# Lighthouse Gets a Face Lift



## toddalin (Jan 4, 2008)

Many of us have the ubiquitous solar-powered lighthouse that was sold for years at places like Wallymart. The lower portion is ceramic and should last longer than I will, but the upper structure is made of iron and rusts out, flaking off in big chunks.

A few years ago I could see the writing on the wall and when one of my favorite surplus electronic suppliers had clear glass high-tension insulators for a couple bucks, the obvious solution presented itself.

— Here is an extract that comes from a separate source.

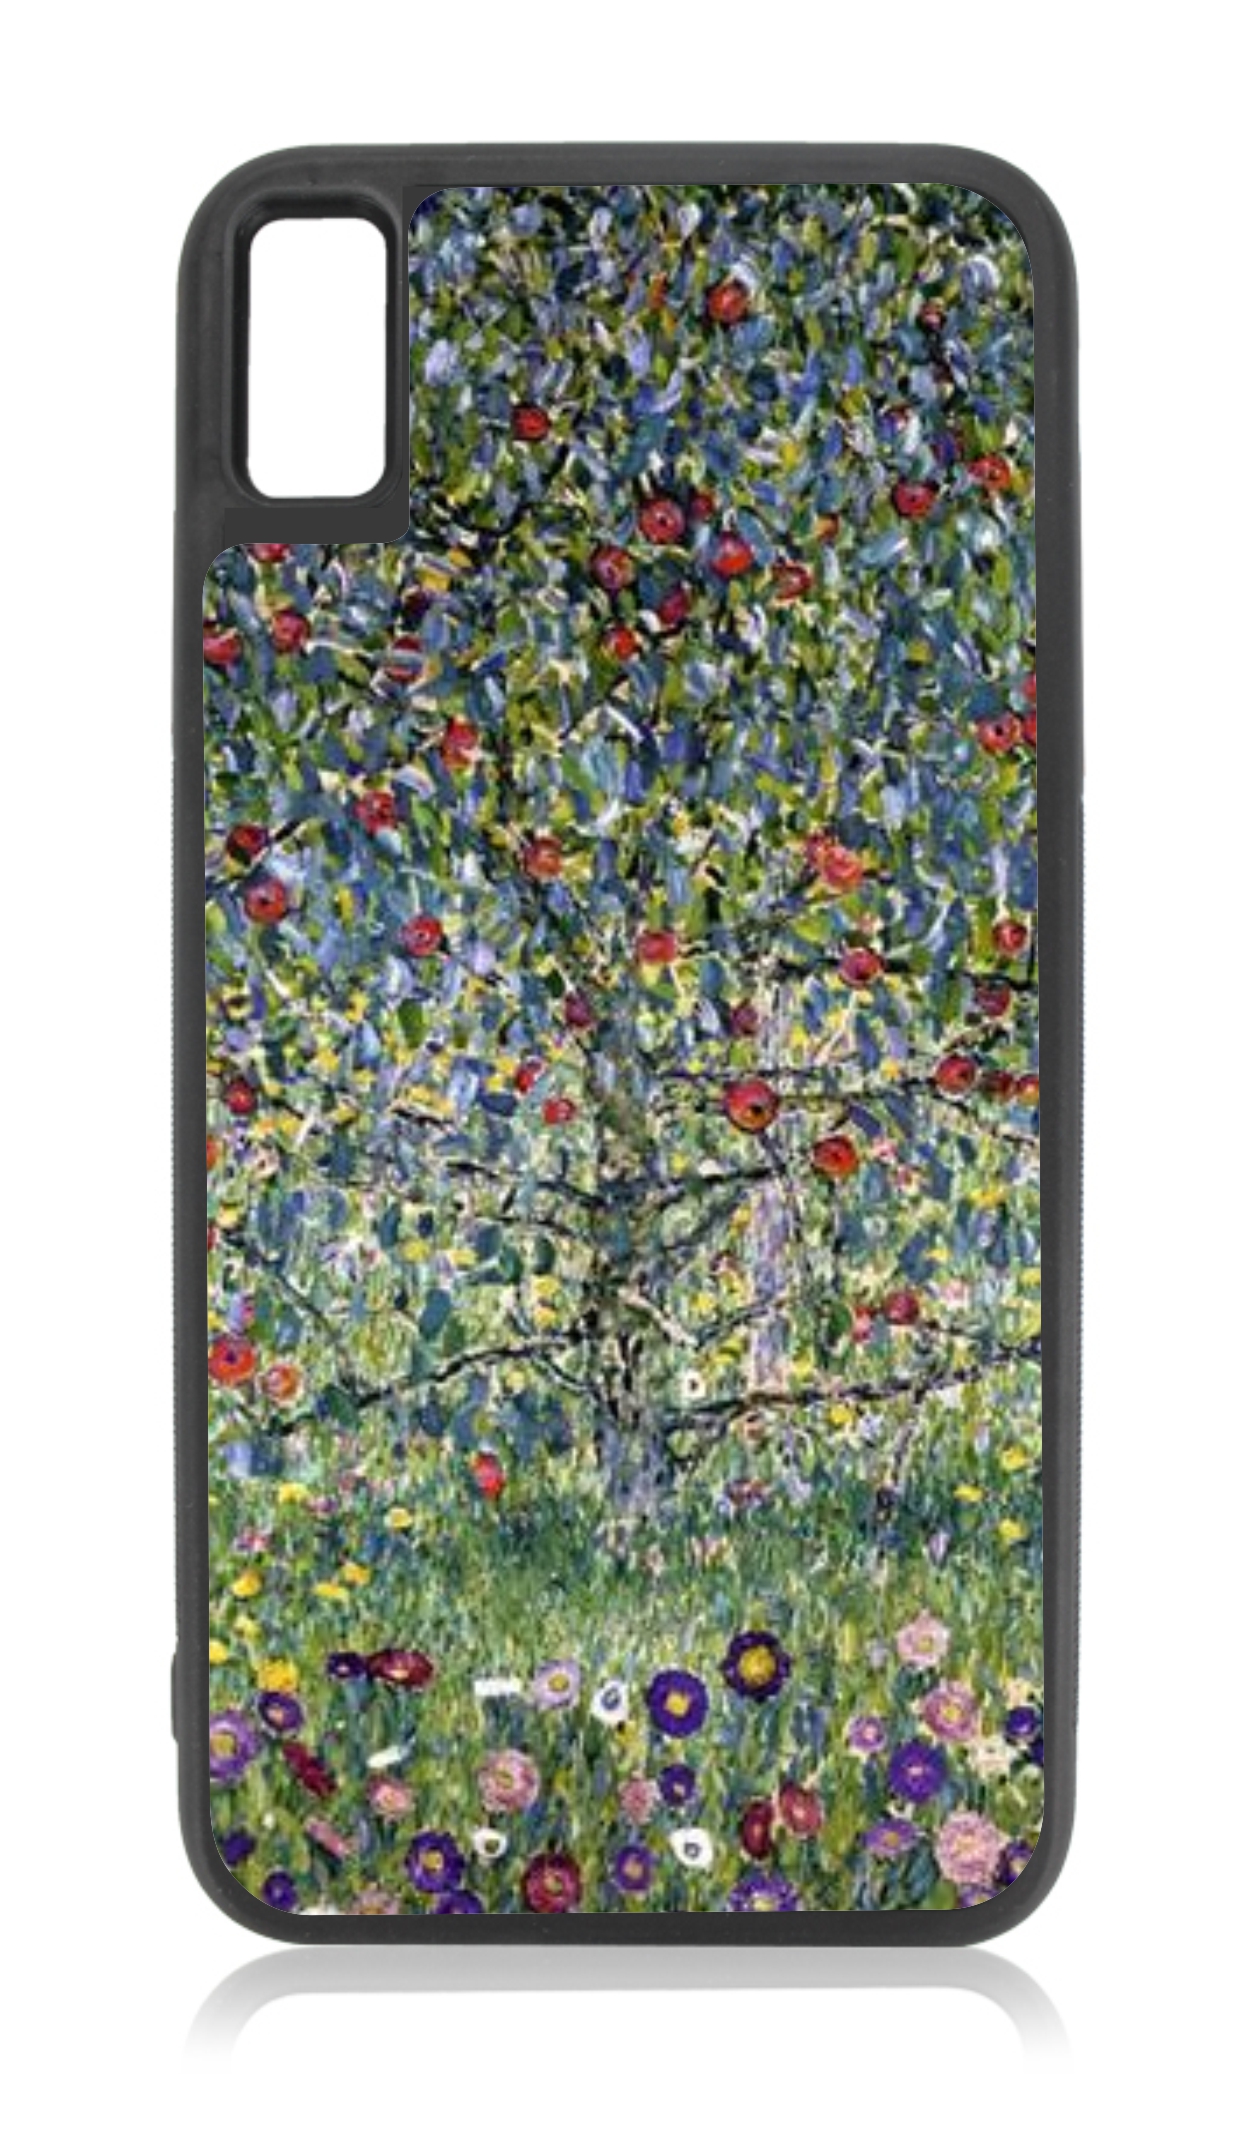 Artist Gustav Klimt's Apple Tree Painting iPhone 10 xr Tree Case Black Rubber Case for iPhone XR - iPhone XR Phone Case - iPhone XR Accessories - image 1 of 1

The lighthouse could have made it through 1 or 2 more years, but was looking long in the tooth. The existing iron easily came apart and pealed off the ceramic base (held on with silicone adhesive).

The new "platform" is a 6" diameter, stainless steel, "clean-out" cover so should easily withstand the elements. A hole was drilled for drainage so that water doesn't puddle and get into the electronics. Galvanized wire cloth was used to make a new fence so that the lighthouse keeper doesn't take the high dive.

Three LED (white, flashing red, and flashing green) were mounted to a plasti-chrome reflector, upside down, so that the back of the plasti-chrome sits up into the recess of the insulator. Finally, a plasti-chrome bolt cover (for a license plate bolt) was CA'ed to inside top of the insulator as a convex mirror to reflect the LEDs and add scatter.


----------